Sudie was born to Baptist missionaries, and spent her childhood in Brazil, where she learned how to speak Spanish and Portugese, as well as how to climb a tree and sleep in a hammock. Unfortunately, hers was not an easy life, and there were times in her childhood where her parents were told she wasn't expected to live. (Obviously, she defied those predictions.)
For most of her working career, she was a professor of Spanish at university. Many of her students later returned to tell her how much she meant to them, and Sudie was always so modest and gracious, never one to laud her accomplishments.
To me, she was an example of what I want to be, in so many ways. She had severe scoliosis, curvature of the spine, which caused a physical deformity most noticeable in her shoulders. I have slight scoliosis and know the near-constant pain that accompanies it. I can only imagine her pain was even greater, but she never complained. She always had a radiant smile and bestowed all her attention on the people around her.
She was a Christian, which she showed through her gracious actions and loving demeanor rather than showy words or condemnation of others.

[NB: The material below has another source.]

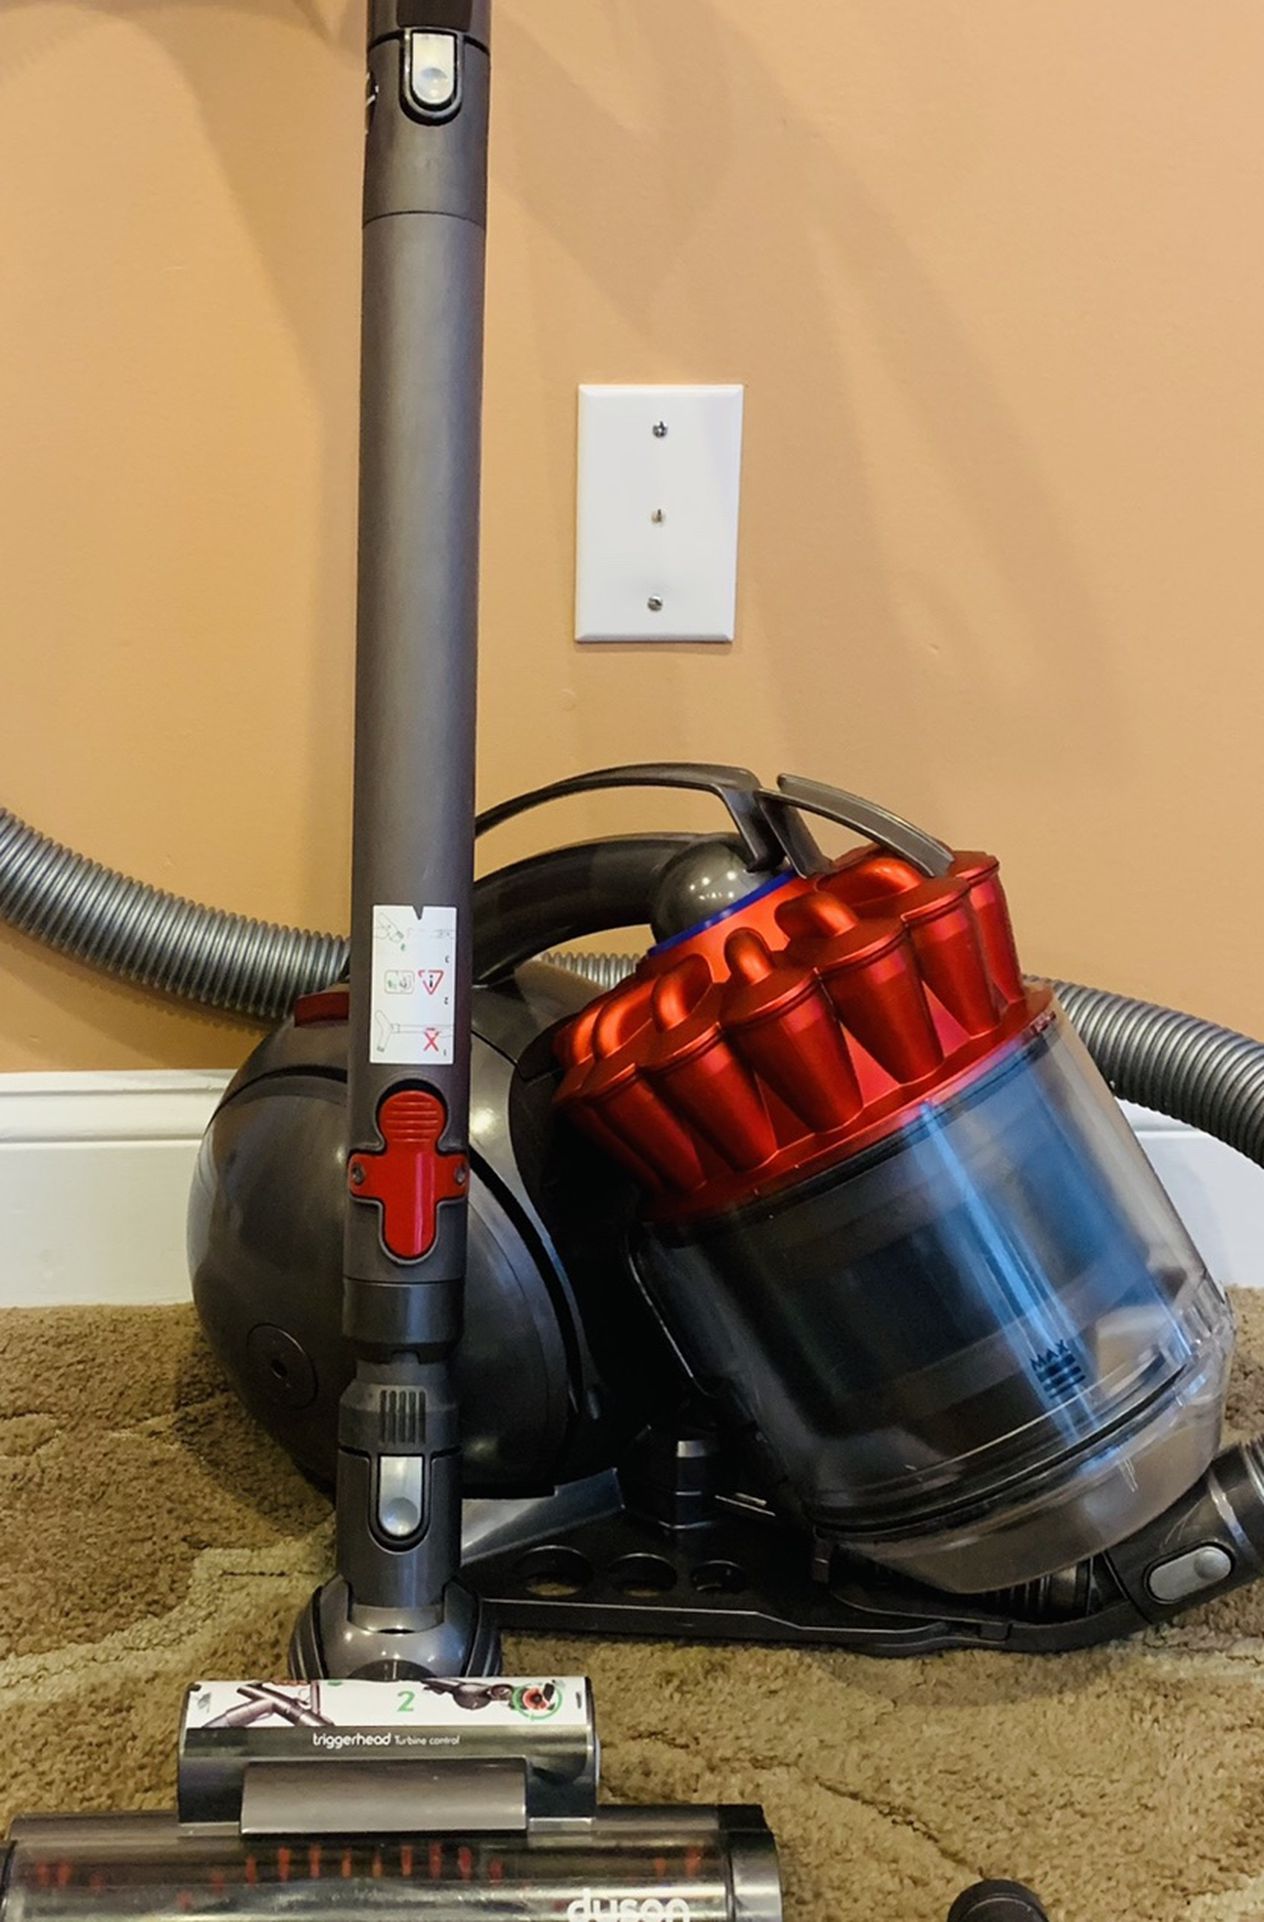 Dyson DC 39 canister vacuum cleaner

She was fiscally responsible and generous, providing me and my sisters with incredible gifts and support, especially through our college years.
But mostly, she was full of love and freely gave it to us.
Sudie and I had so many talks over the years, and she often urged me to have kids. I know she was regretful that she didn't, having married late in life. She told me, "Don't wait." But I explained I wasn't consciously waiting, and that she had shown me how wonderful an aunt could be.
And although she didn't have children of her own to name, she did name me. My parents didn't give any of us girls middle names, assuming we would take our maiden name as our middle name once we married. When I was divorcing [the first time] and reviewing the legal documents the lawyer had drafted, I got to the part about legally changing my name back to my maiden name. Abruptly, I asked if I could add a middle name. He thought it was an odd request but confirmed I could. "What name would you choose?"
I knew immediately. Sudie always called me "Emily Jane," after my mom "Beverly Jane" because I reminded her in many ways of my mom.
Without hestitation I told the lawyer "Jane." And I couldn't wait to show my new license, with my new full name, to Sudie. I told her she named me, and I always carry that with me.
I am so grateful to have had her in my life, and I know I was blessed in countless ways to have had Sudie Pearl as my great aunt.